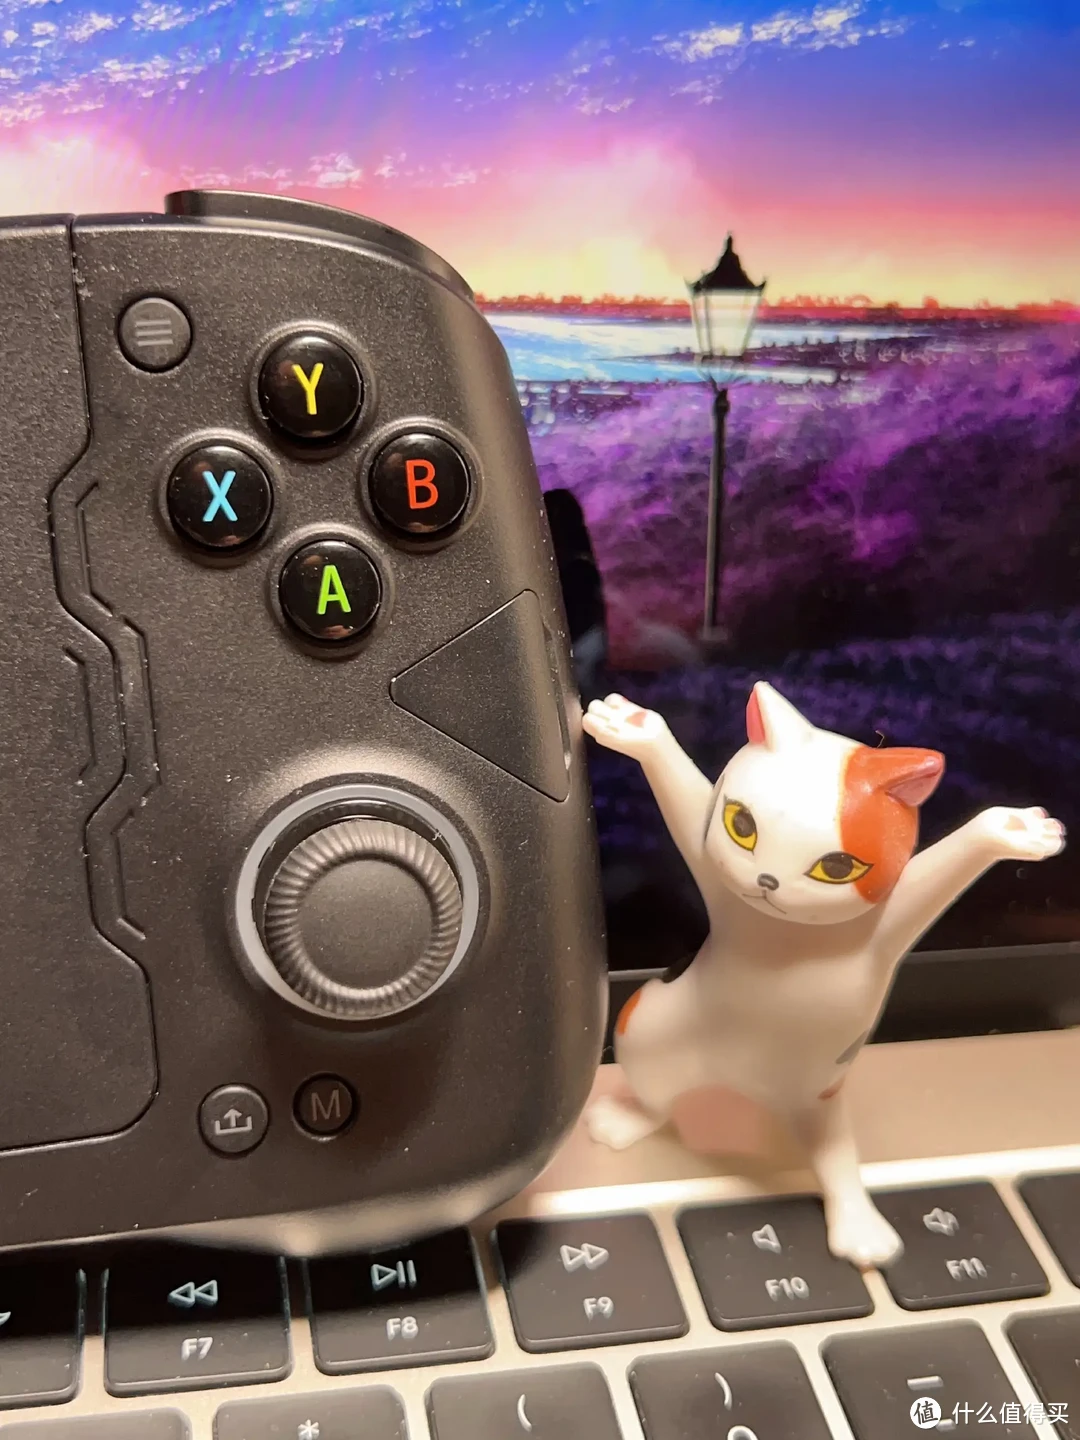 手机太小？阻碍发挥？玩的不爽？盖世小鸡GAMESIR-X4手机游戏手柄帮你提升游戏体验！
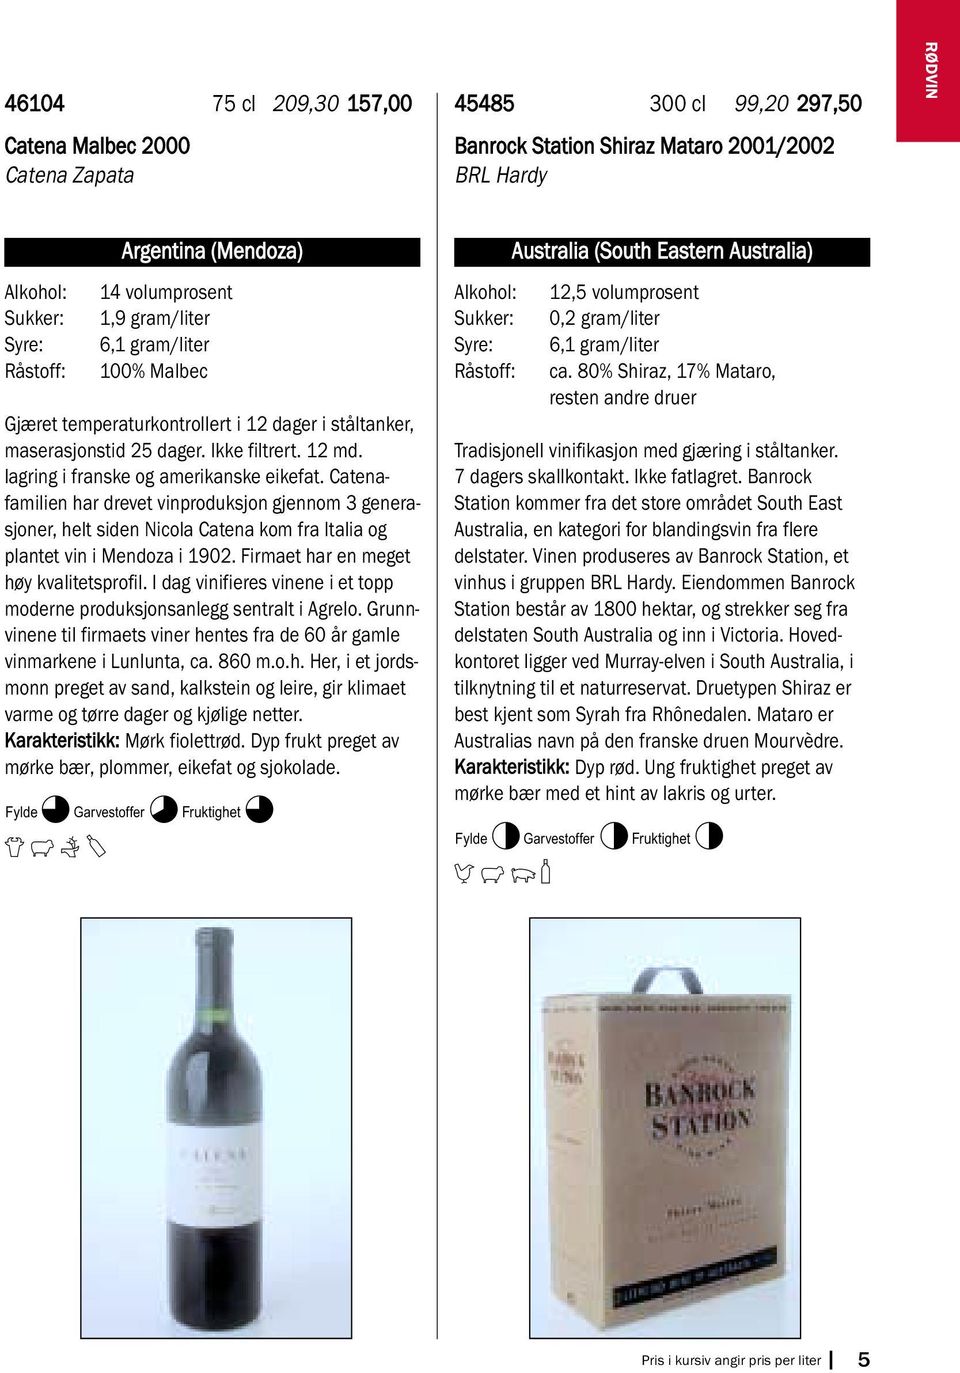 Catenafamilien har drevet vinproduksjon gjennom 3 generasjoner, helt siden Nicola Catena kom fra Italia og plantet vin i Mendoza i 1902. Firmaet har en meget høy kvalitetsprofil.
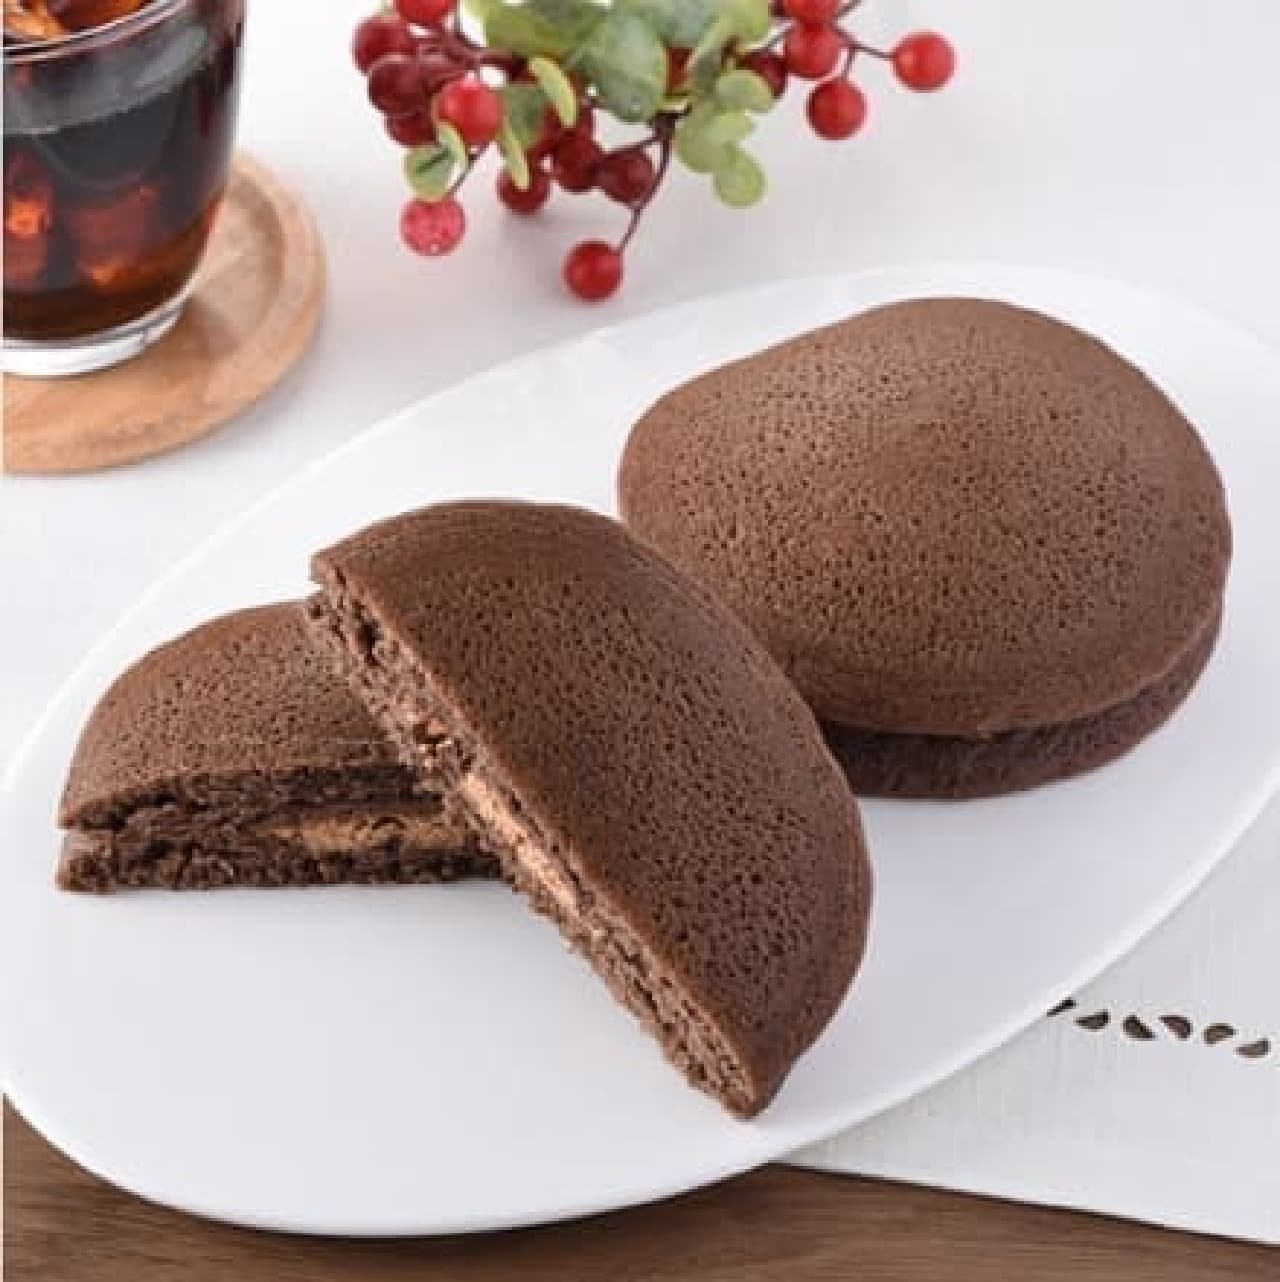 FamilyMart "Chocolate Pancake (Almond & Chocolate)"
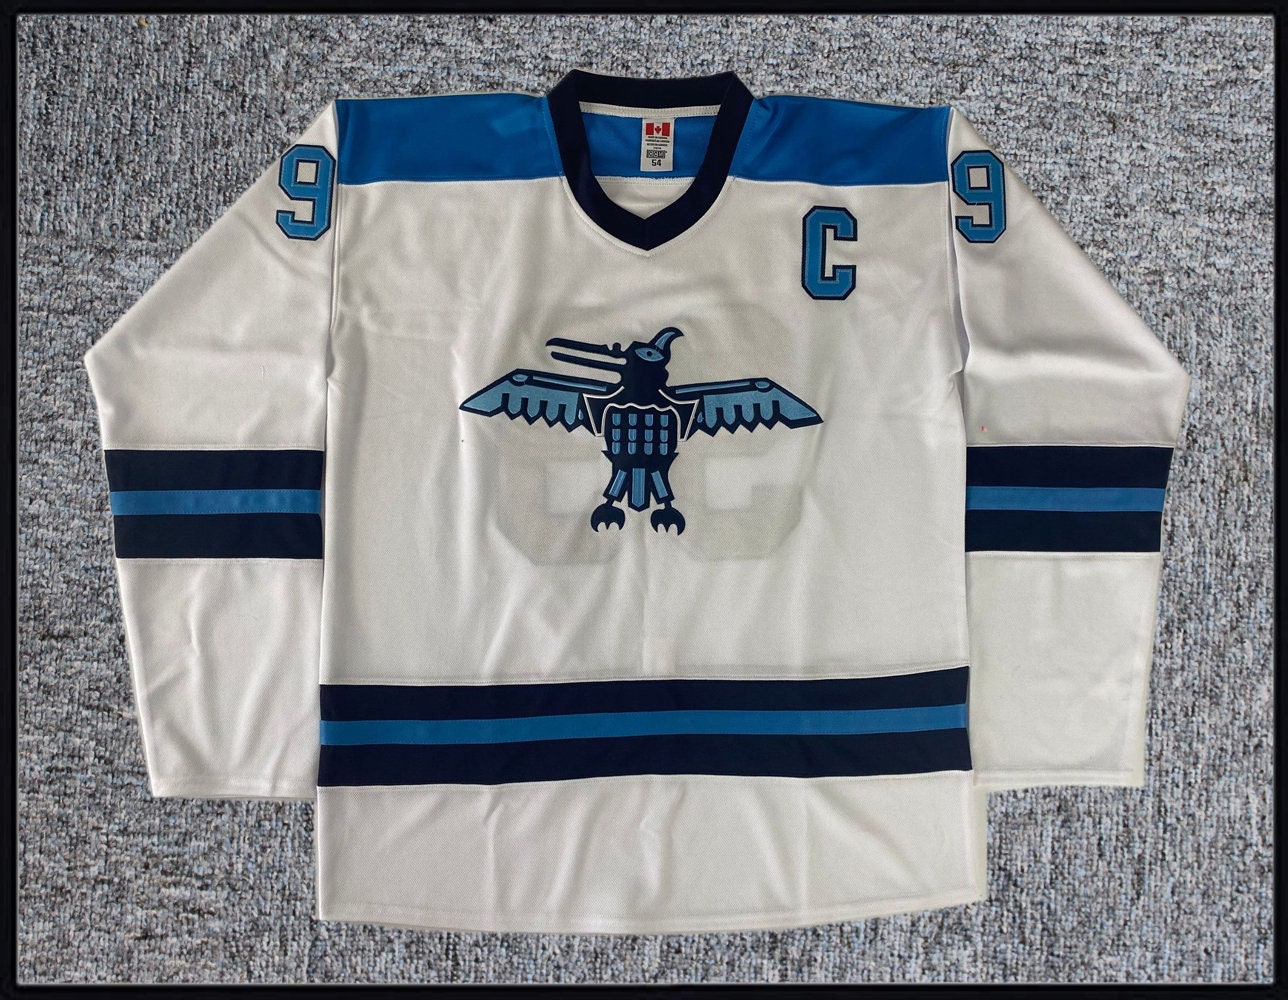 Wayne Gretzky Vintage St Louis Blues CCM Replica Hockey Jersey (L)
===
Exercise directions:
All that is wanted is the run of lines from the start of the material through the line that holds "Catenafamilien har drevet", retyped exactly, with no pictures.

Result for this exercise:
 手机太小？阻碍发挥？玩的不爽？盖世小鸡GAMESIR-X4手机游戏手柄帮你提升游戏体验！
 Catenafamilien har drevet vinproduksjon gjennom 3 generasjoner, helt siden Nicola Catena kom fra Italia og plantet vin i Mendoza i 1902. Firmaet har en meget høy kvalitetsprofil.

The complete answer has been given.